In another ongoing phase 2 trial (NCT03432598), investigators are examining the agent in combination with platinum-based chemotherapy as a frontline treatment for Chinese patients with advanced disease. In this trial, patients with nonsquamous disease were administered tislelizumab plus pemetrexed and platinum-based therapy followed by pemetrexed maintenance. Patients with squamous disease were given the PD-1 inhibitor combined with paclitaxel and platinum-based therapy or with gemcitabine and platinum-based therapy. Patients with small cell lung cancer were administered the agent in combination with etoposide and platinum-based therapy.
As of October 15, 2018, a total of 54 patients had been administered tislelizumab; 24 of these patients remained on treatment. Preliminary results demonstrated that the ORR with the agent was 67%, which included 36 partial responses (PRs). The majority of the PRs were experienced within the first 2 assessments.4 A total of 13 patients achieved stable disease, 2 experienced disease progression, and 3 missed their first assessment.
The ORR was 44% in the nonsquamous (n = 16) group who received tislelizumab, 80% in the squamous group who received the PD-1 inhibitor with paclitaxel and platinum-based therapy (n = 15), and 77% in the squamous group who were administered tislelizumab combined with gemcitabine and platinum-based therapy (n = 6).
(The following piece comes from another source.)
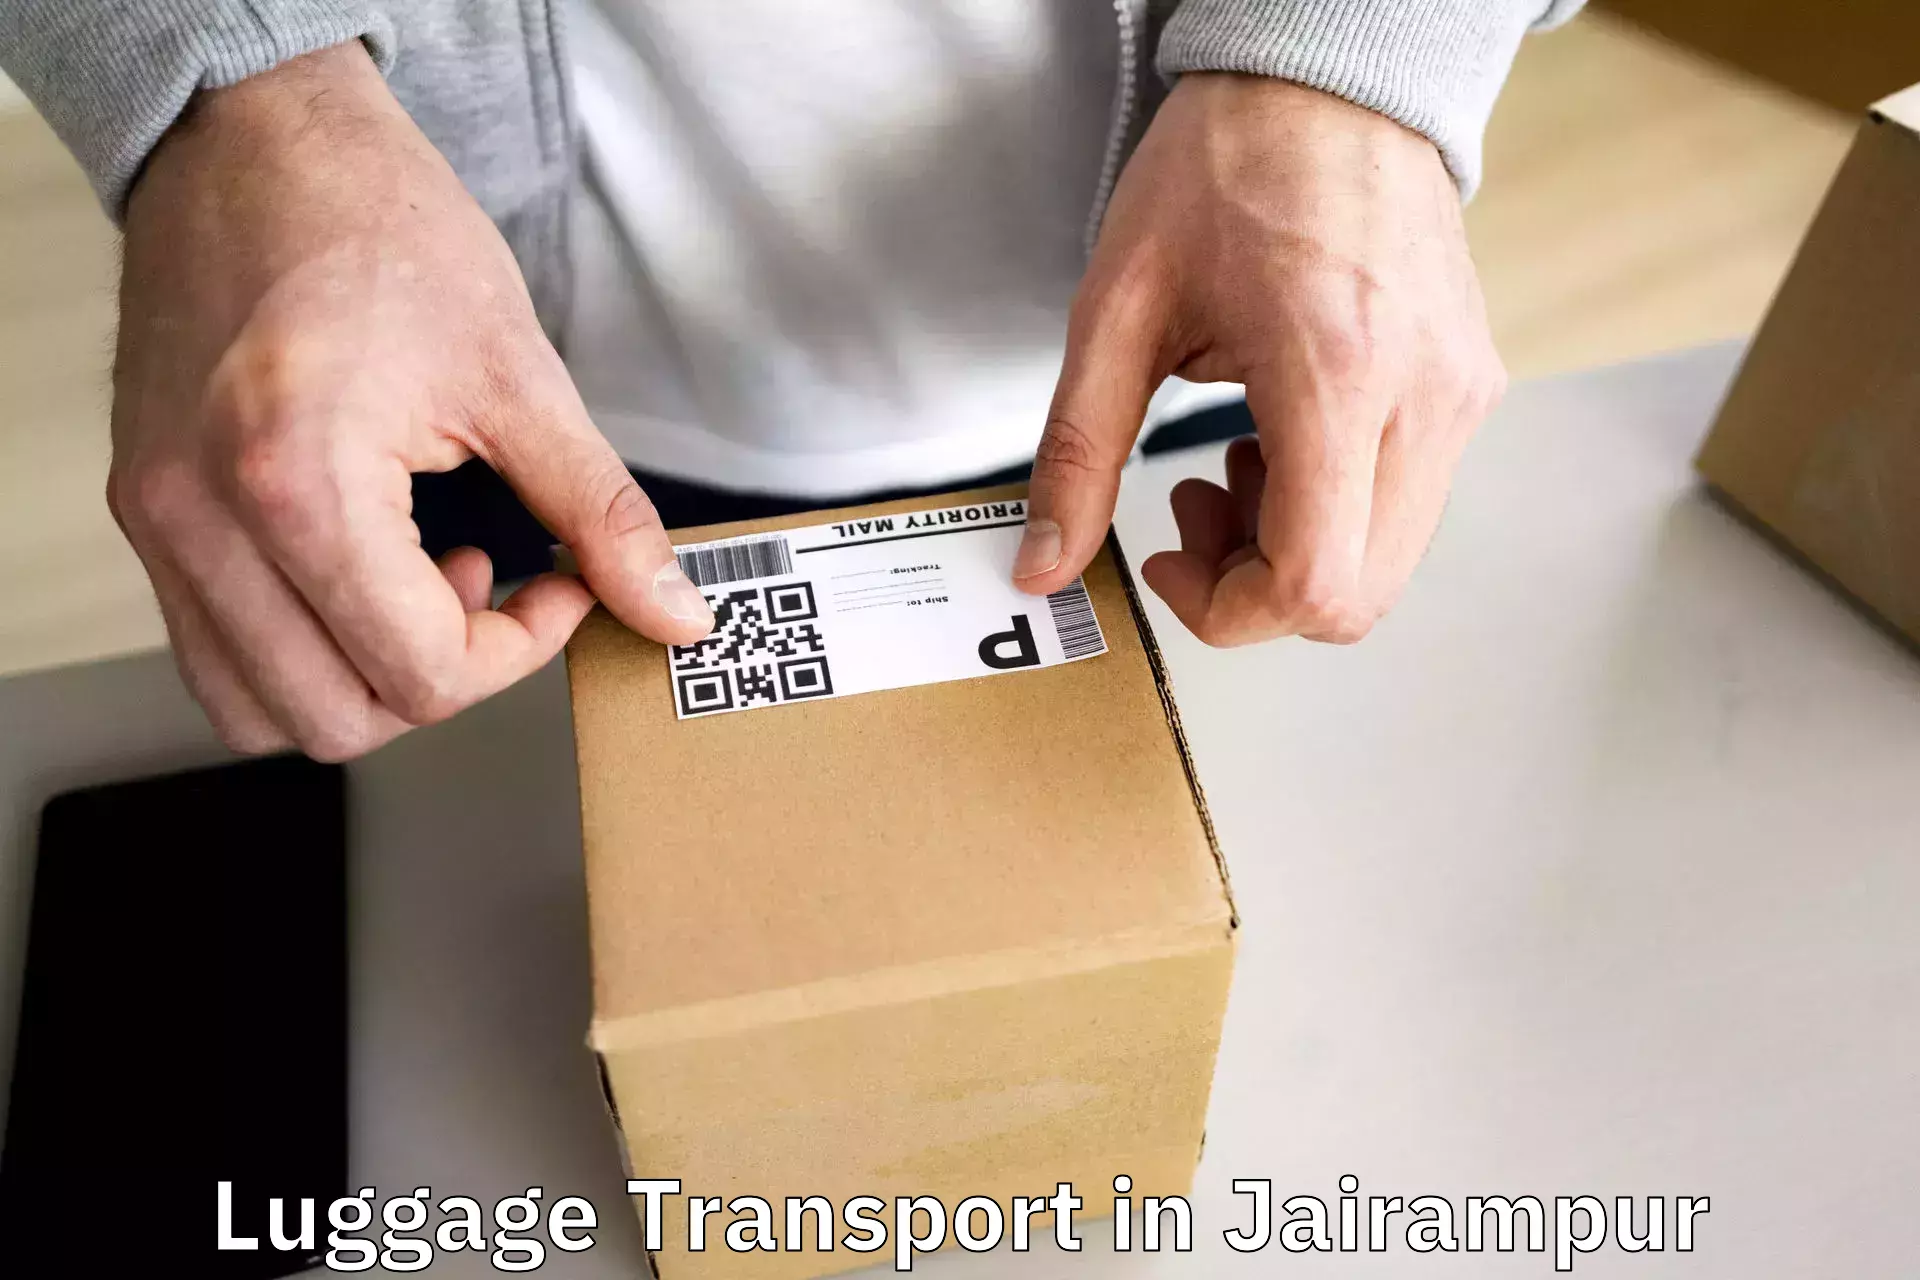 Baggage delivery scheduling in Jairampur

With regard to safety, grade ≥3 events reported in >15% of patients included decreased neutrophil counts (n = 25) and anemia (n = 9). Immune-related events reported with the PD-1 inhibitor were decreased triiodothyronine, hyperthyroidism, hypothyroidism, and pyrexia (n = 2, each). One patient with squamous disease had fatal myocarditis/myositis after receiving just 1 treatment cycle. Other toxicities resolved by interrupting treatment (n = 30), discontinuing treatment (n = 4), or through the use of other appropriate treatment.
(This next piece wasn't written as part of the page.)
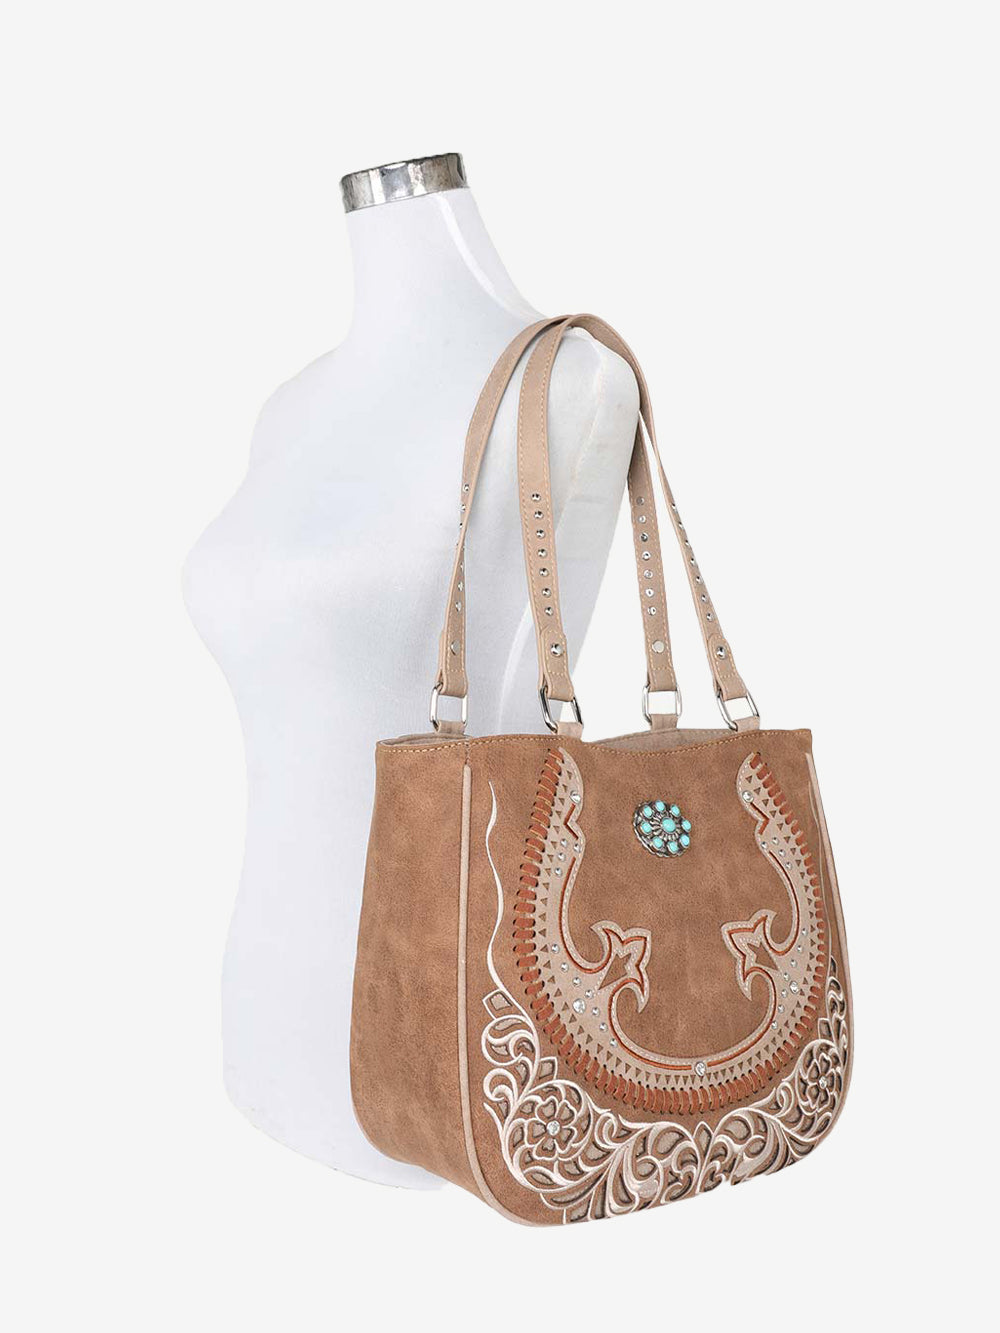 Montana West Cut-out Turquoise Stone Concho Tote Bag

Tislelizumab is currently approved for use in China as an option for patients with classical Hodgkin lymphoma who had been given at least 2 prior therapies. The agent is also indicated for patients with locally advanced or metastatic urothelial carcinoma with PD-L1–high expression whose disease progressed either during or following treatment with a platinum-based chemotherapy, or within 12 months of neoadjuvant or adjuvant treatment with a platinum-based chemotherapy.
“Together with the previously accepted filing in patients with squamous histology, we look forward to continuing our dialogue with the Center for Drug Evaluation and to hope to bring this innovative treatment to hundreds of thousands of Chinese patients and families impacted by this devastating disease every year,” said Wu.